Strengthening Cloud Security with CIS Benchmarks
Cloud Service Providers (CSPs) have changed the way organizations of all sizes design and deploy their IT environments. However, the use of cloud technology also introduces new risks. CIS Benchmarks provide guidance to organizations to establish policies, plan and manage secure cloud environments.
CIS has published Foundation Benchmarks for all major public cloud environments including AWS, Azure, Google Cloud Platform, Oracle Cloud Infrastructure, IBM Cloud, and Alibaba Cloud.
Users include systems and application administrators, security professionals, auditors, help desks, and DevOps personnel who want to develop, deploy, evaluate, or secure cloud solutions or platforms.
CIS Foundations references are tailored to specific CSPs, but the content of the documents all have common characteristics. At a minimum, each reference provides prescriptive guidance for Identity and Access Management (IAM), logging, monitoring, and networking.
Obtaining CIS benchmarks
You can download AWS CIS Benchmark for free in click here. The CIS website offers easy access to all other benchmarks, which you can download in PDF format.
Universal recommendations of all CIS cloud benchmarks
- To create Secure cloud workloads that meet industry best practices, save your tested and compliant images, and monitor them to prevent tampering.
- Activate Cloud control plane logging through tools, such as AWS CloudTrail or Google Cloud Operations Suite. Keep track of all API calls made in your cloud service account.
- Configure and enable cloud native monitoring and alerting tools for your workloads.

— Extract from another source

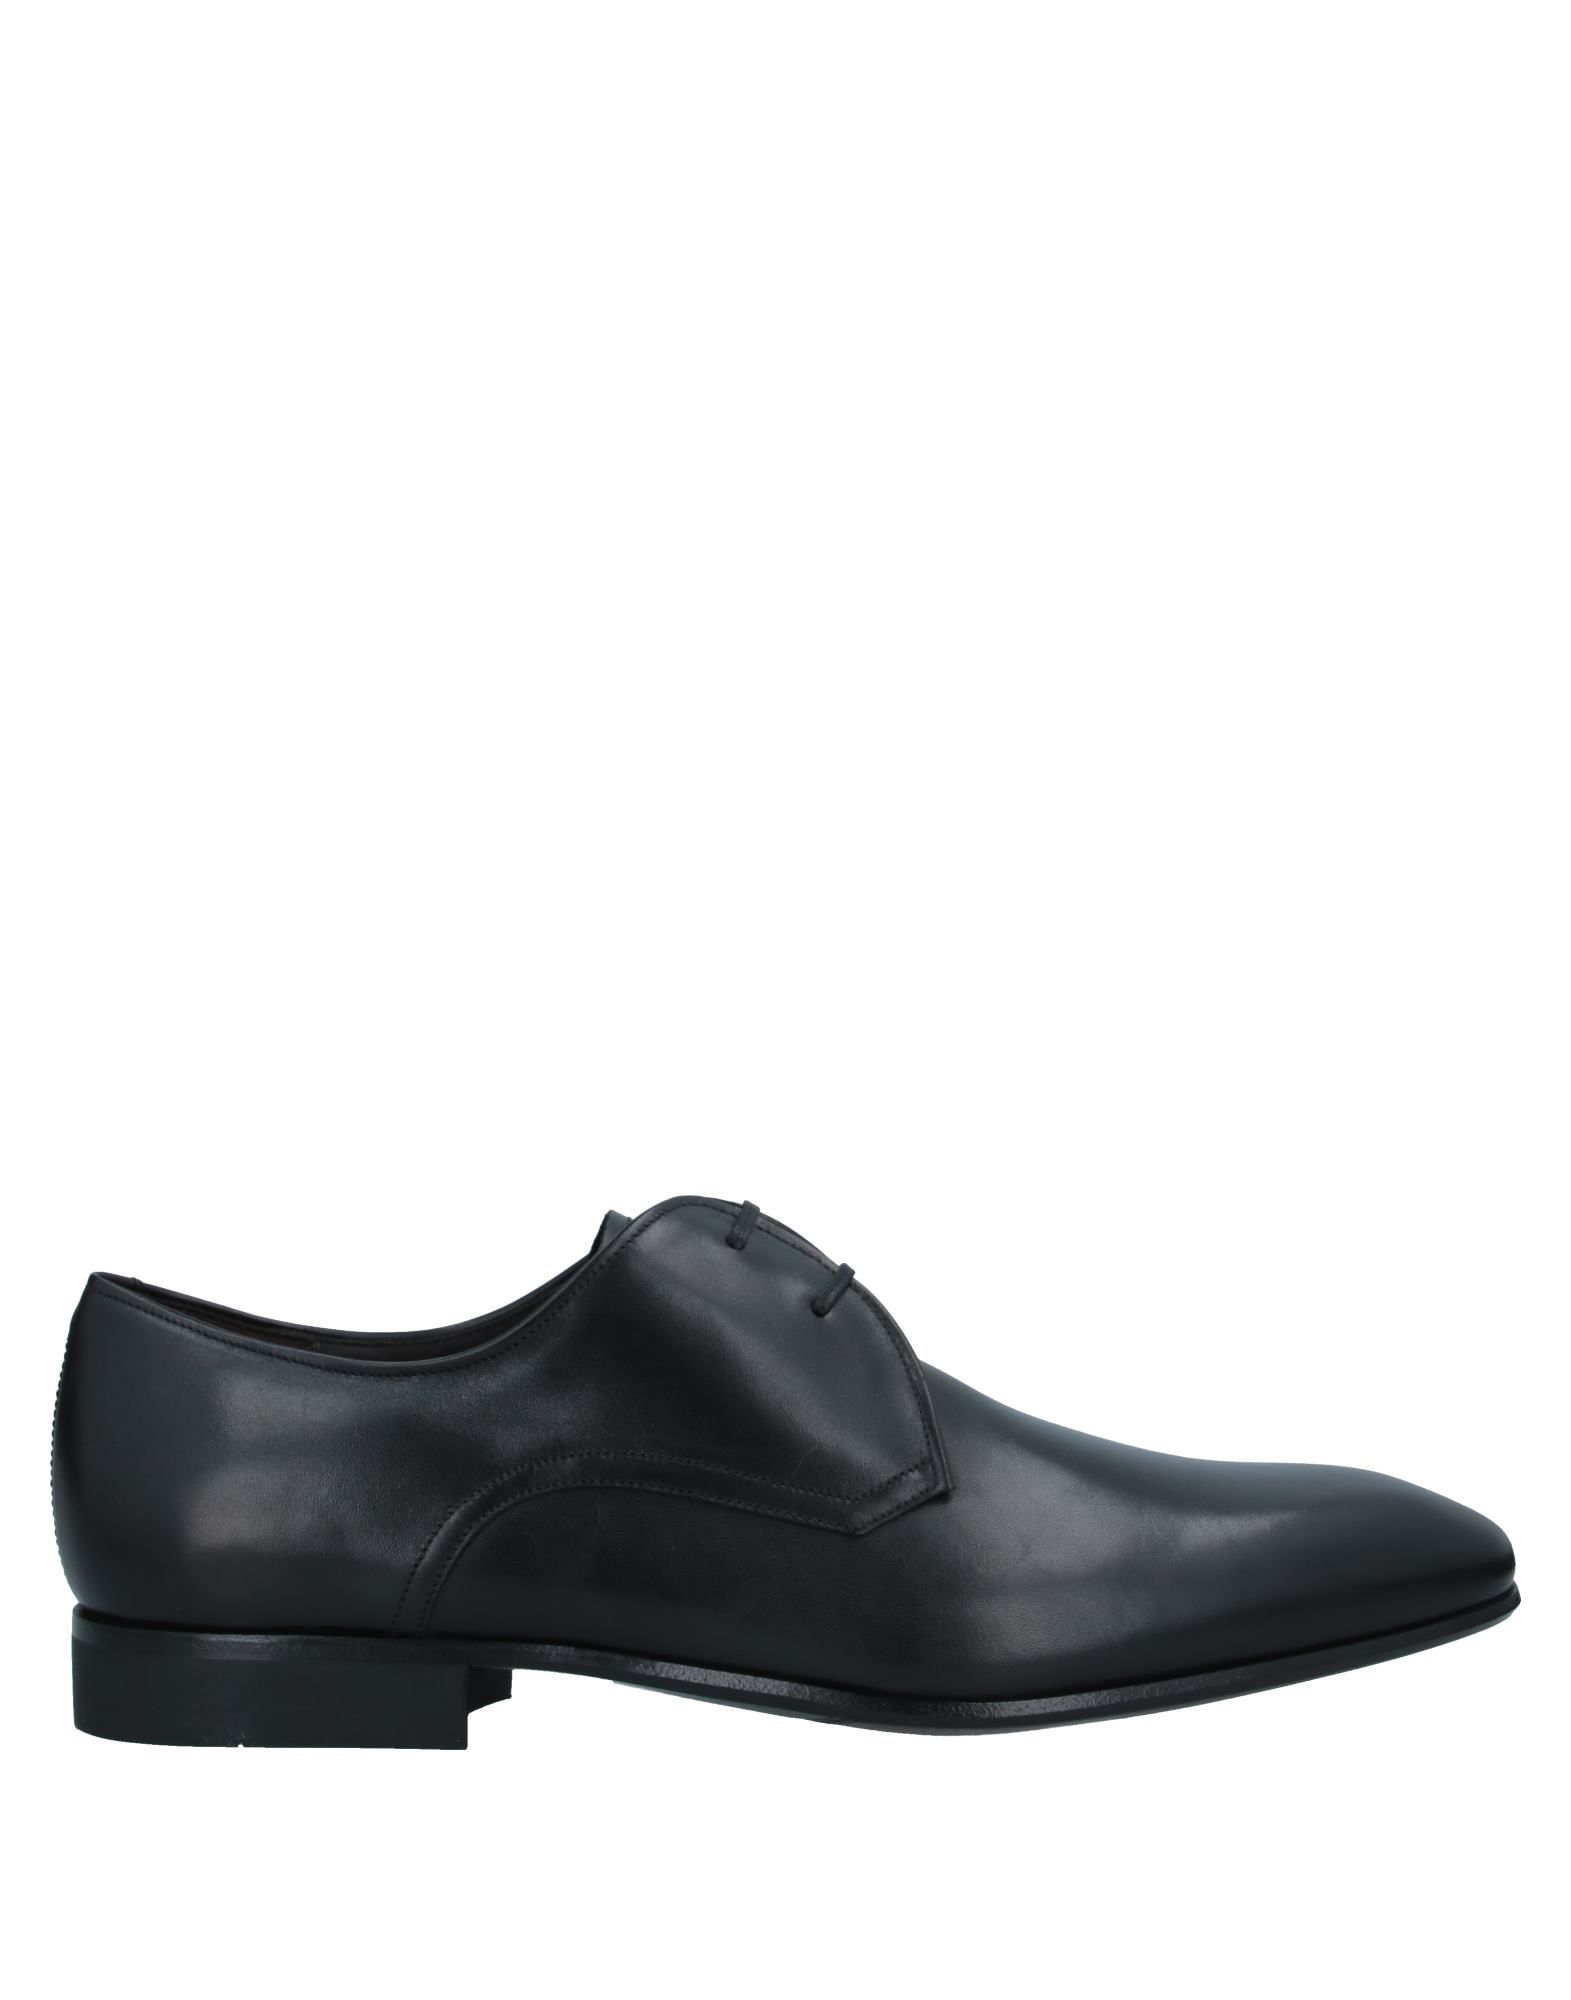 SALVATORE FERRAGAMO STUDIO Обувь на шнурках my studio обувь на шнурках
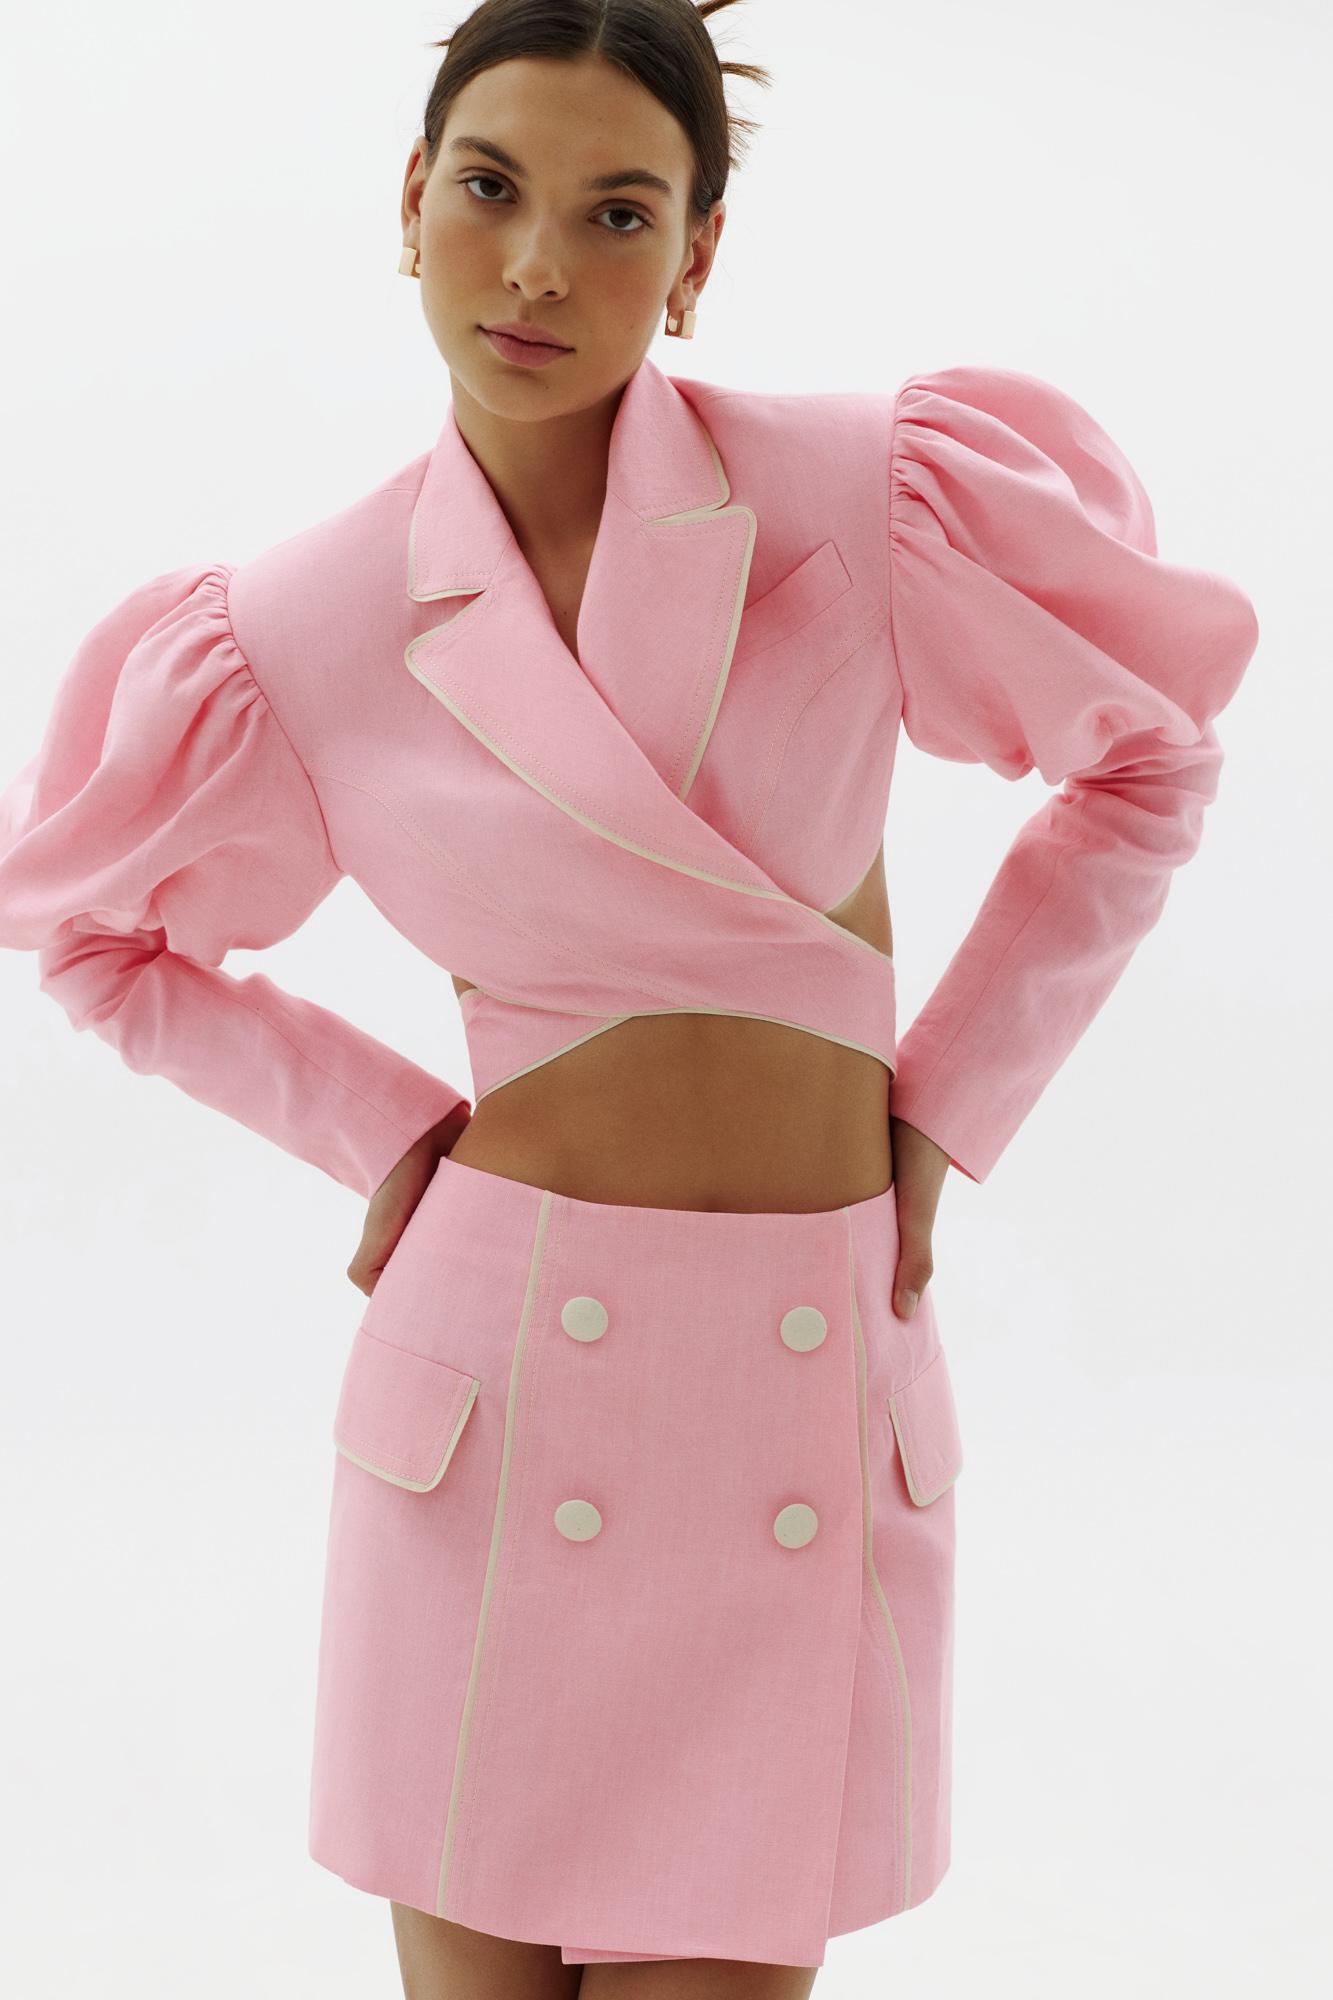 Коко Роша в костюме украинского дизайнера Marianna Senchina-Фото 4

- Activate Strong authentication for all cloud management interfaces including web portals and command line.
- Enforce a least preferred identity strategy for various cloud operations roles.
- Activate encryption and other data protection measures for cloud storage services.
- Secured Cloud native network access to minimize access and ensure all network activity is monitored.
Take into account the configuration drift
SIC’s benchmarks are excellent. But, they are not enough. Trying to manually configure every element of a public cloud benchmark (which typically spans hundreds of pages) is impossible, even for the most seasoned DevOps professional. However, there are automated tools, some free and open source, some part of commercial solutions, that can automatically configure your cloud based on benchmarks.
It is even more important to consider configuration drift. The cloud is a very dynamic environment, and what you set up today will be gone tomorrow. To ensure your safety, make sure you:
- Take control of all the processes to create new workloads and cloud services, and make sure they adhere to security standards.
- Use cloud-native tools like infrastructure as code (IaC) to automate secure configurations, just like you do with everything else.
- Set up a configuration monitoring solution, such as Cloud Security Post Management (CSPM), Cloud Workload Protection Platform (CWPP), or Cloud Security Access Broker (CASB), which can automatically analyze and verify secure configurations.
All of this information helps you take one step closer to strengthening the DevOps cloud.